8

I have two tables:

CREATE TABLE IF NOT EXISTS `test1` (
  `id` int(10) unsigned NOT NULL AUTO_INCREMENT,
  `bucket_id` int(10) unsigned NOT NULL COMMENT 'folder this component belongs to',
  `test1_name` varchar(81) NOT NULL COMMENT 'Name of this component',
  `test1_desc` varchar(1024) NOT NULL COMMENT 'Component Description',
  PRIMARY KEY (`id`),
  FULLTEXT KEY `test1_search` (`test1_name`,`test1_desc`)
) ENGINE=MyISAM  DEFAULT CHARSET=utf8 AUTO_INCREMENT=3 ;

CREATE TABLE IF NOT EXISTS `bucket` (
  `id` int(10) unsigned NOT NULL AUTO_INCREMENT,
  `bkt_name` varchar(81) NOT NULL COMMENT 'The name of this bucket',
  `bkt_desc` varchar(1024) NOT NULL COMMENT 'A description of this bucket',
  `bkt_keywords` varchar(512) DEFAULT NULL COMMENT 'keywords for searches',
  PRIMARY KEY (`id`),
  FULLTEXT KEY `fldr_search` (`bkt_desc`,`bkt_keywords`,`bkt_name`)
) ENGINE=MyISAM  DEFAULT CHARSET=utf8 AUTO_INCREMENT=8 ;

Bucket is just a holder while test1 contains all the things that would go into a bucket.

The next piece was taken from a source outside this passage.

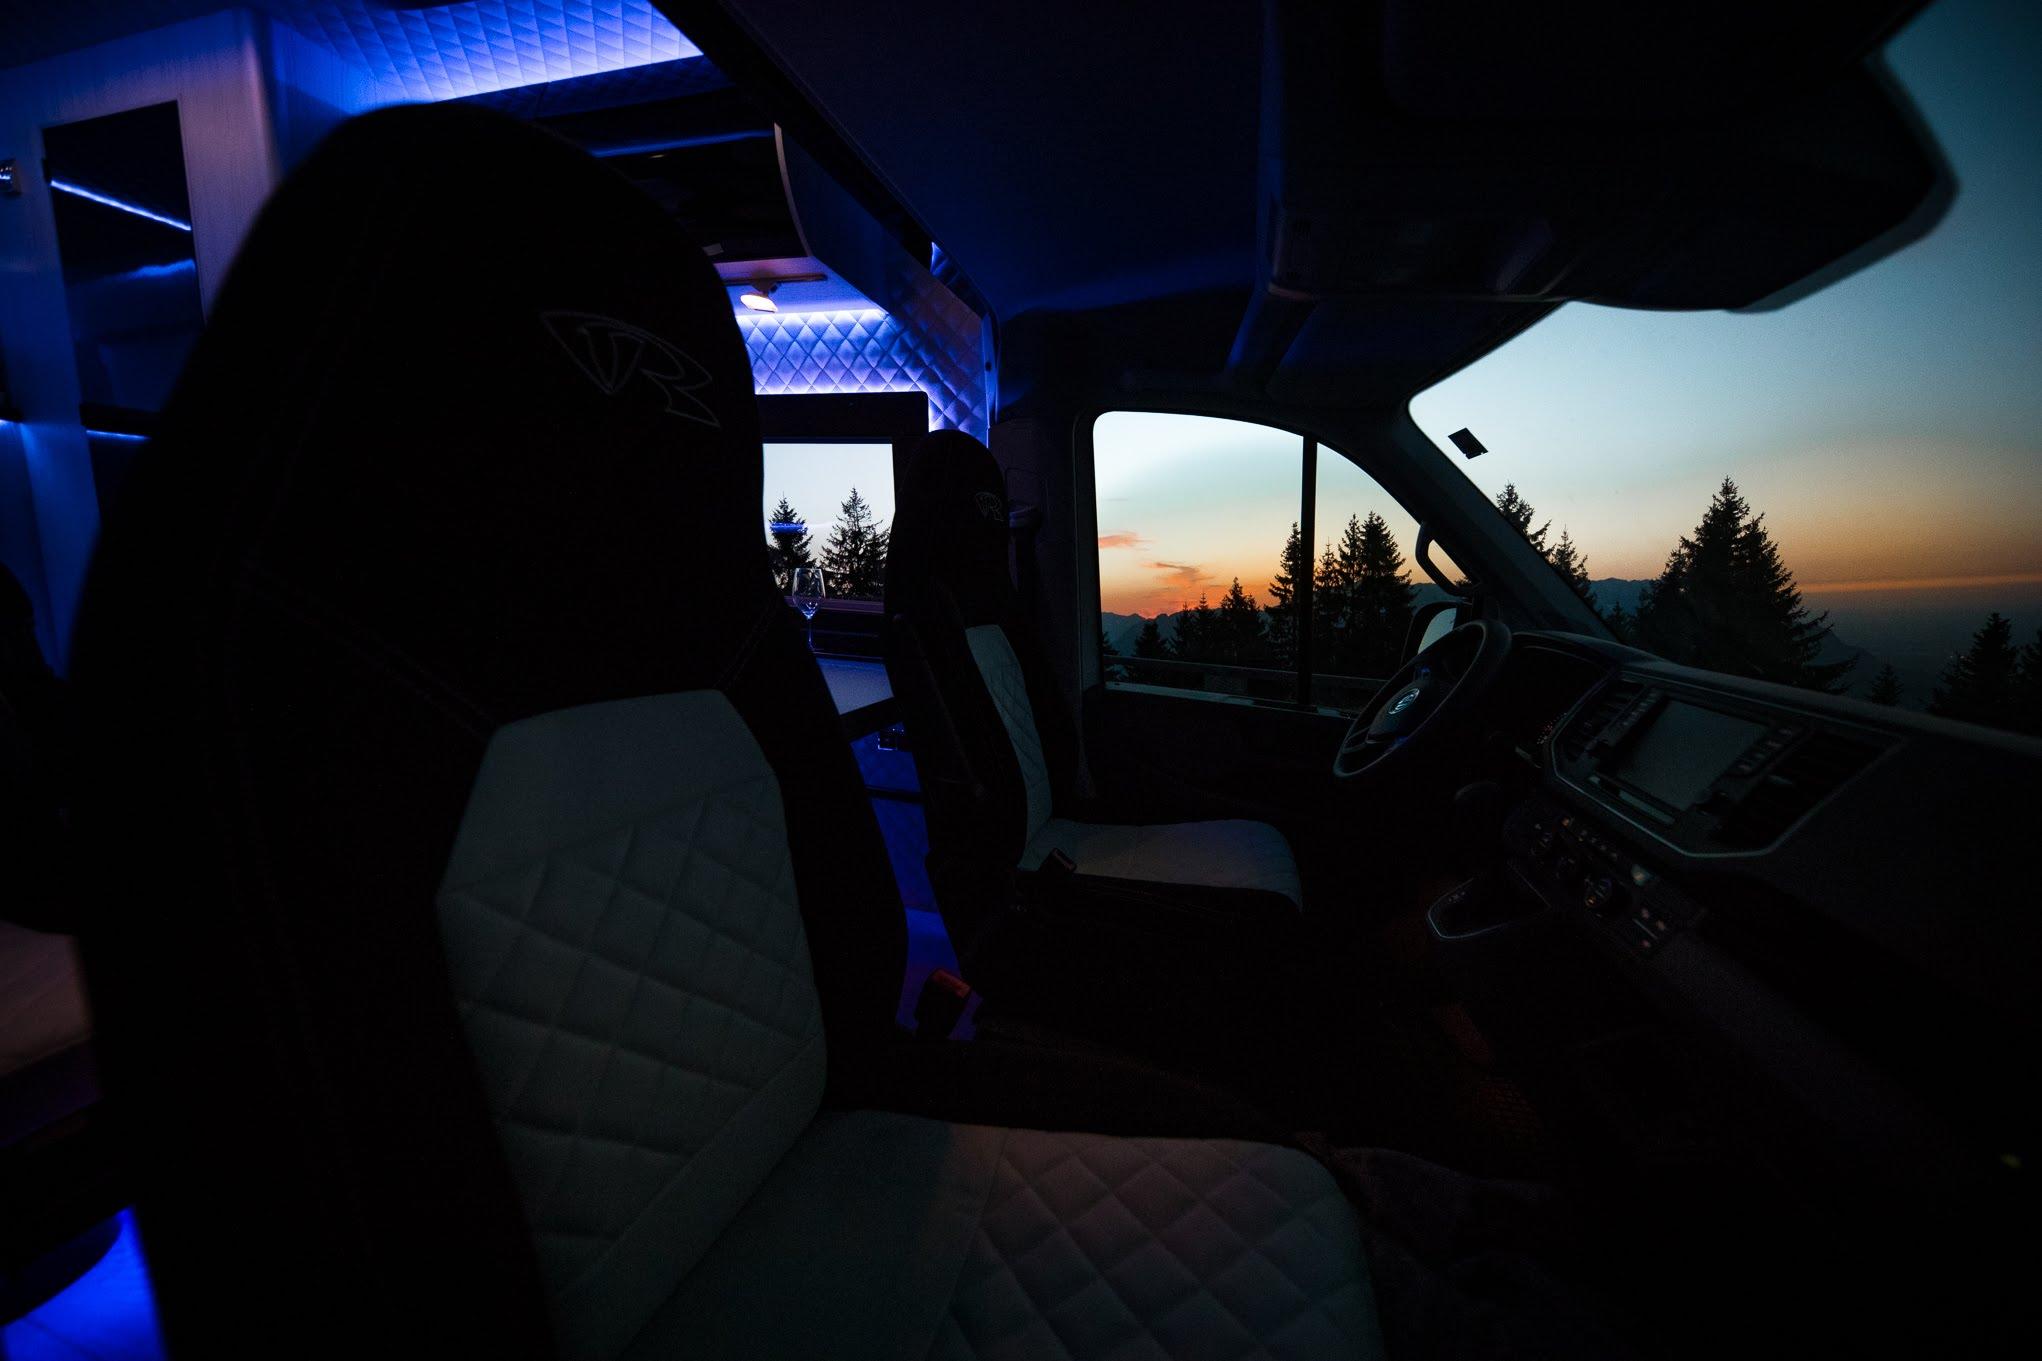 tv im camper fernseh im kastenwagen wohnmobil alphatronics smarthome vr motorhomes

For example:

INSERT INTO `bucket` (`id`, `bkt_name`, `bkt_desc`, `bkt_keywords`) VALUES
(1, 'Simpsons', 'The Simpsons Cartoon Family was first successful adult cartoon series', 'Homer, Marge, Lisa and Bart'),
(2, 'Griffins', 'The family from the popular family guy series', 'Peter, Lois, Meg, Chris, Stewie, Brian');

INSERT INTO `test1` (`id`, `bucket_id`, `bkt_name`, `bkt_desc`) VALUES
(1, 1, 'Homer Simpson', 'Homer the figurative head of the Simpsons Family and is the husband of Marge'),
(2, 2, 'Peter Griffin', 'Peter the figurative head of the Griffin family on the hit TV seriers The family Guy');

Now, using the following query I want to look for all buckets whose name, description or keywords contain the search term "family" or whose components contain the words "family")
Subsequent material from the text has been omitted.